Una perfección que puede sentirse incluso en nombre del amor, es decir: “Cómo te amo, quiero lo mejor para ti y por eso te deseo distinto a ti, igual a mí, es por tu bien y por amor que te cambio”.

Esta perfección, es como si un león o cualquier animal terrestre (o viceversa), sacara a un pez del agua con el fin de amarle, “ayudarle a estar mejor”, para que “crezca”, o para que se vea mejor. Esto poco a poco mata al otro porque lo saca de sí, y finalmente, muere la relación de pareja.

La segunda forma de ver este AMOR PERFECTO, es cuando logramos ver a nuestra pareja admirando su conjunto, partiendo del hecho que es un ser completo en sí mismo, perfecta tal y como es, sin cambiarle, respetando su esencia, su forma, su familia, su cultura.

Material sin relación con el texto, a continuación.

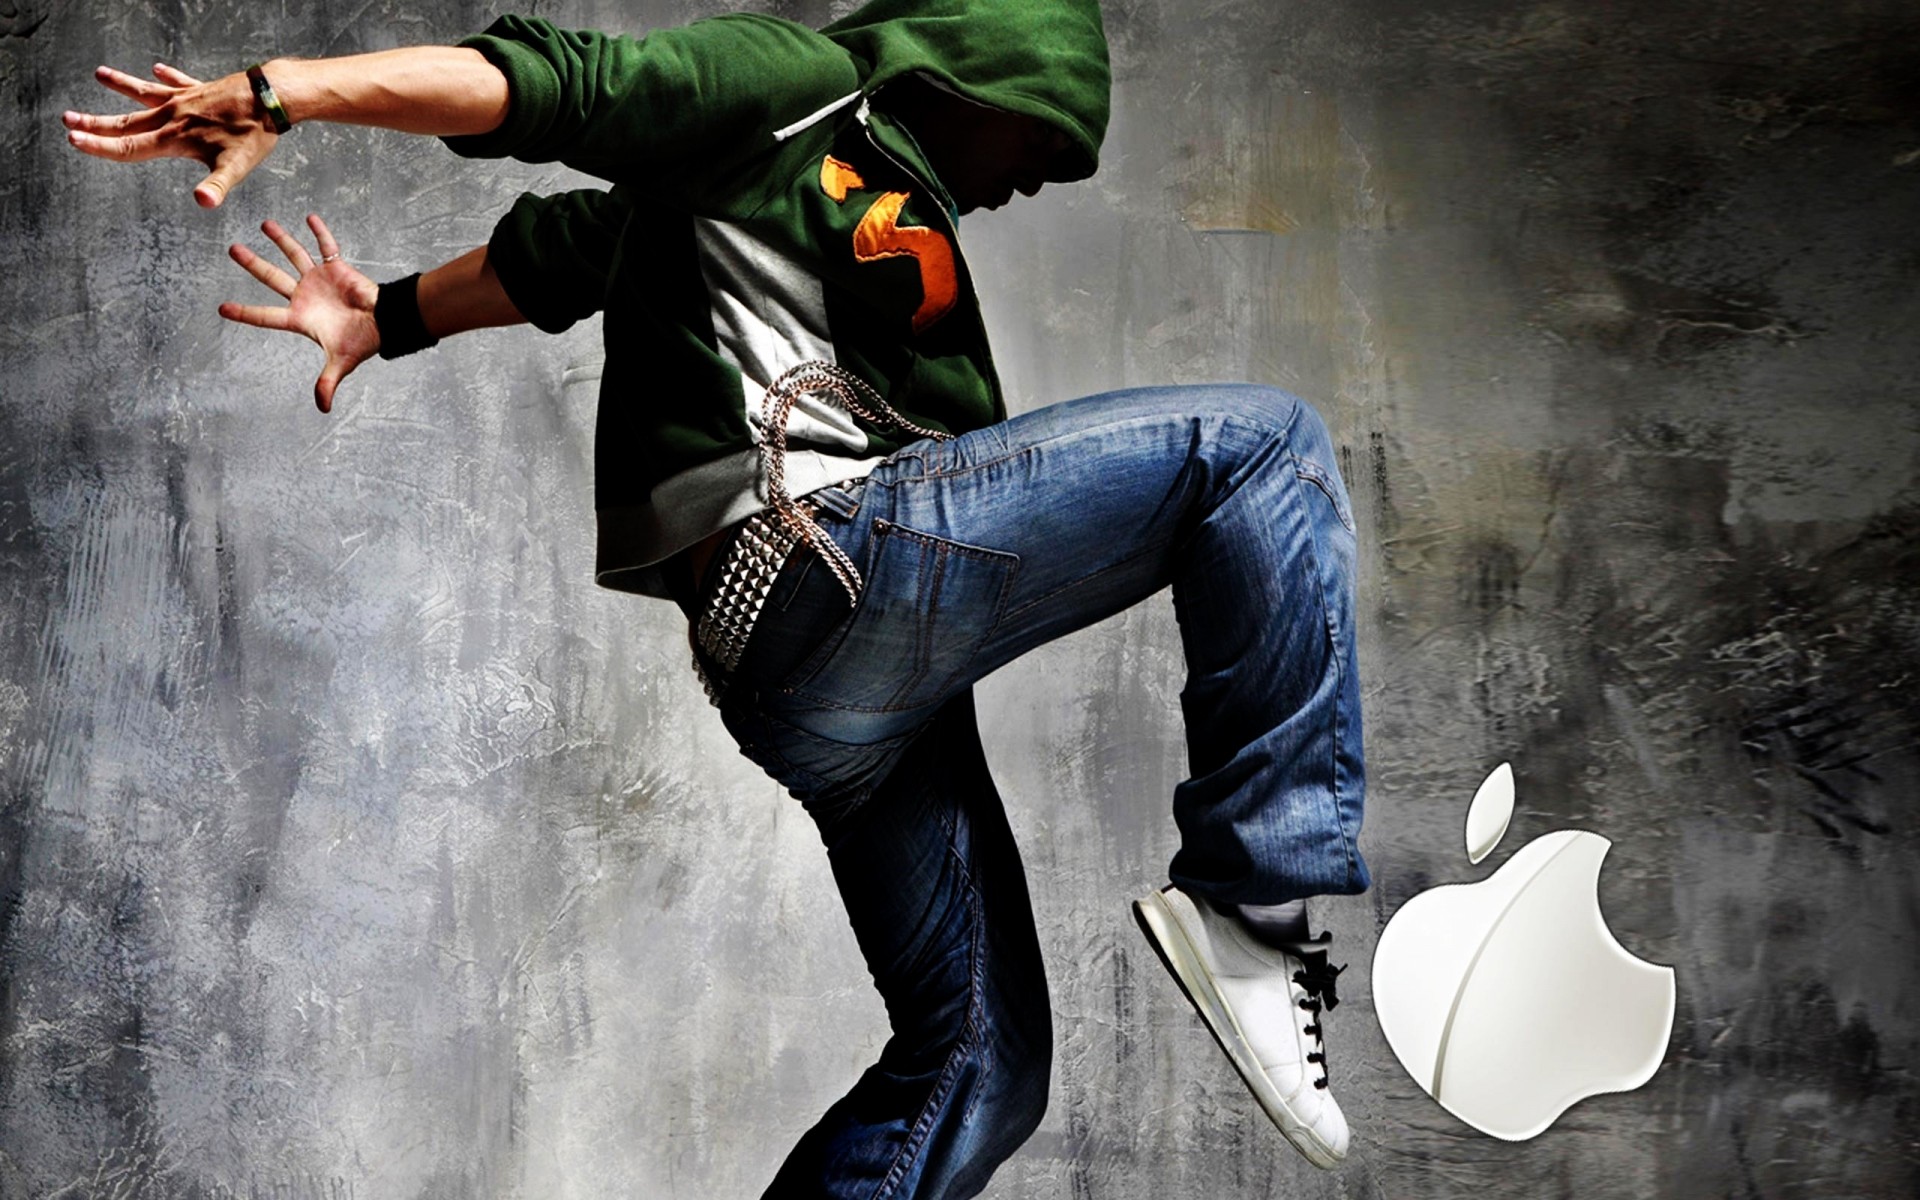 apple один человек взрослый музыка опасность на открытом воздухе производительности носить круто действие реп городской мода движения для ipod фон логотип apple логотип apple
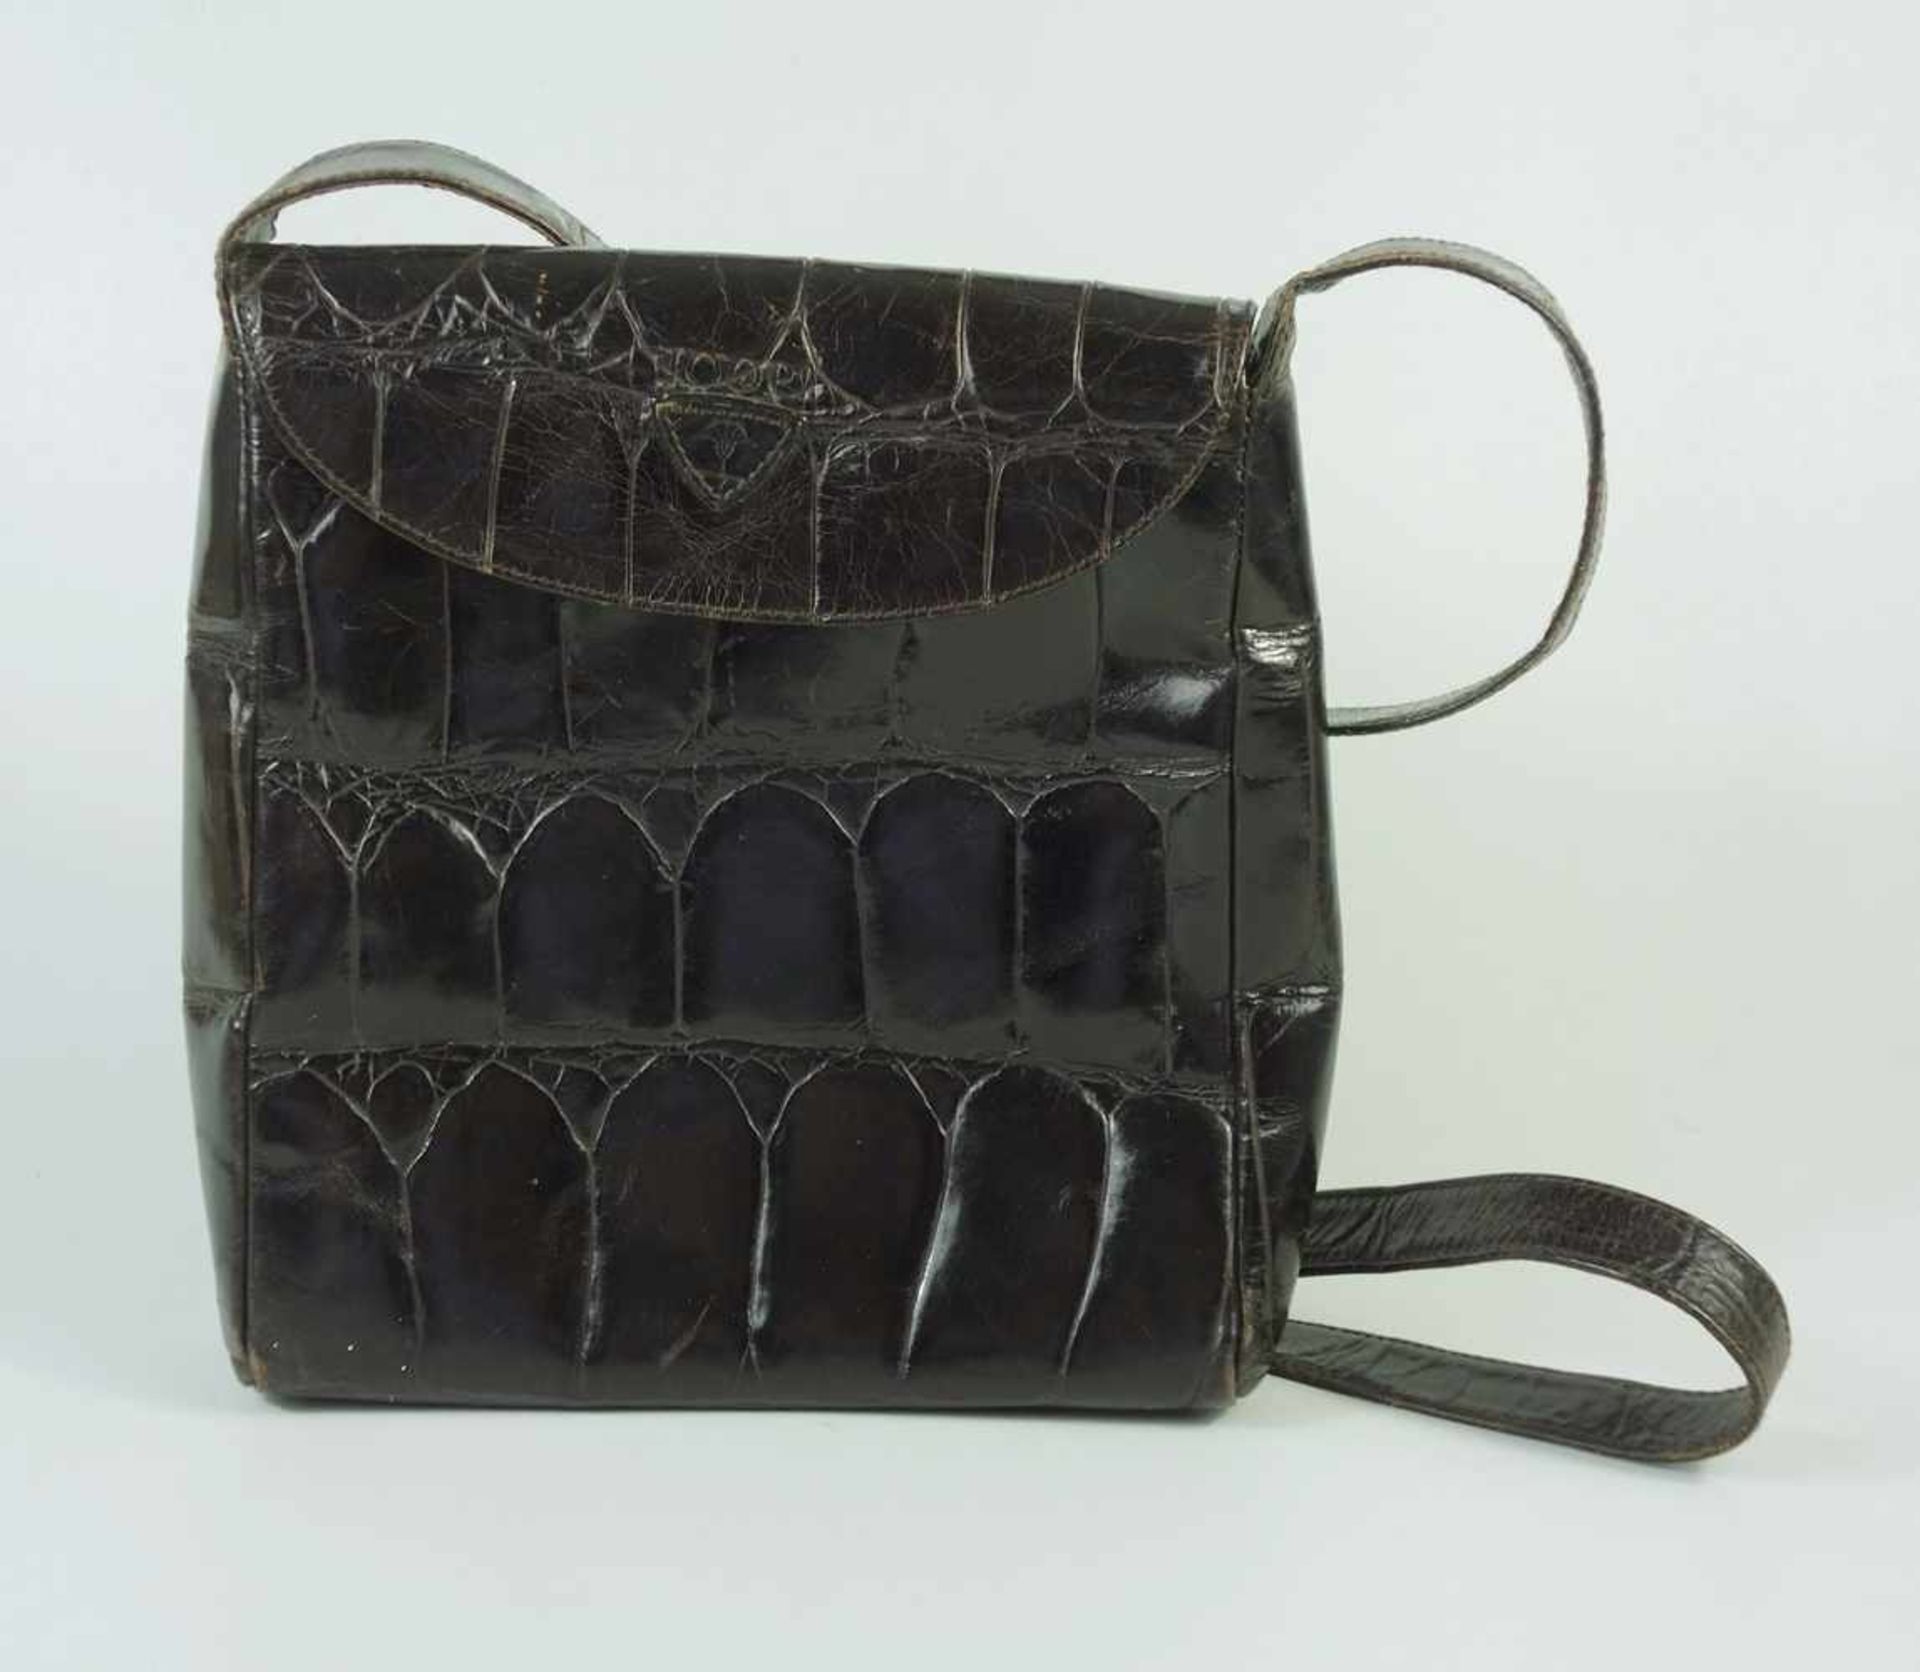 Handtasche in Krokodilsleder-Optik, JOOP!, dunkelbraun, mit Logo auf der Lasche, innen

Entonces, es perfecta así tal como es, y mi alma reconoce su alma sin que ninguno sea superior: por eso se llama pareja.

Así pues, le ve, le respeta, le deja ser, admira su esencia, respeta su ritmo y sus procesos, y al no querer cambiarle, resulta perfecta en su misma imperfección.

Una relación de pareja, como expresó alguna vez Hellinger, está conformada por dos seres humanos, no por un santo y un pecador, sino dos adultos que caminan siendo fieles primero a su propia alma para luego, abrirse a caminar y construir juntos proyectos y senderos nuevos, construyendo entonces un AMOR “PERFECTO”.

A partir de esta reflexión no existen entonces “medias naranjas”, sino una naranja completa, que camino junto a una manzana completa y ya está. La pareja crece cuando somos realmente pareja, cuando ninguno de los dos se posiciona como juez o tutor de los que el otro debe hacer, cuando caminan juntos dos adultos que se saben perfectamente humanos.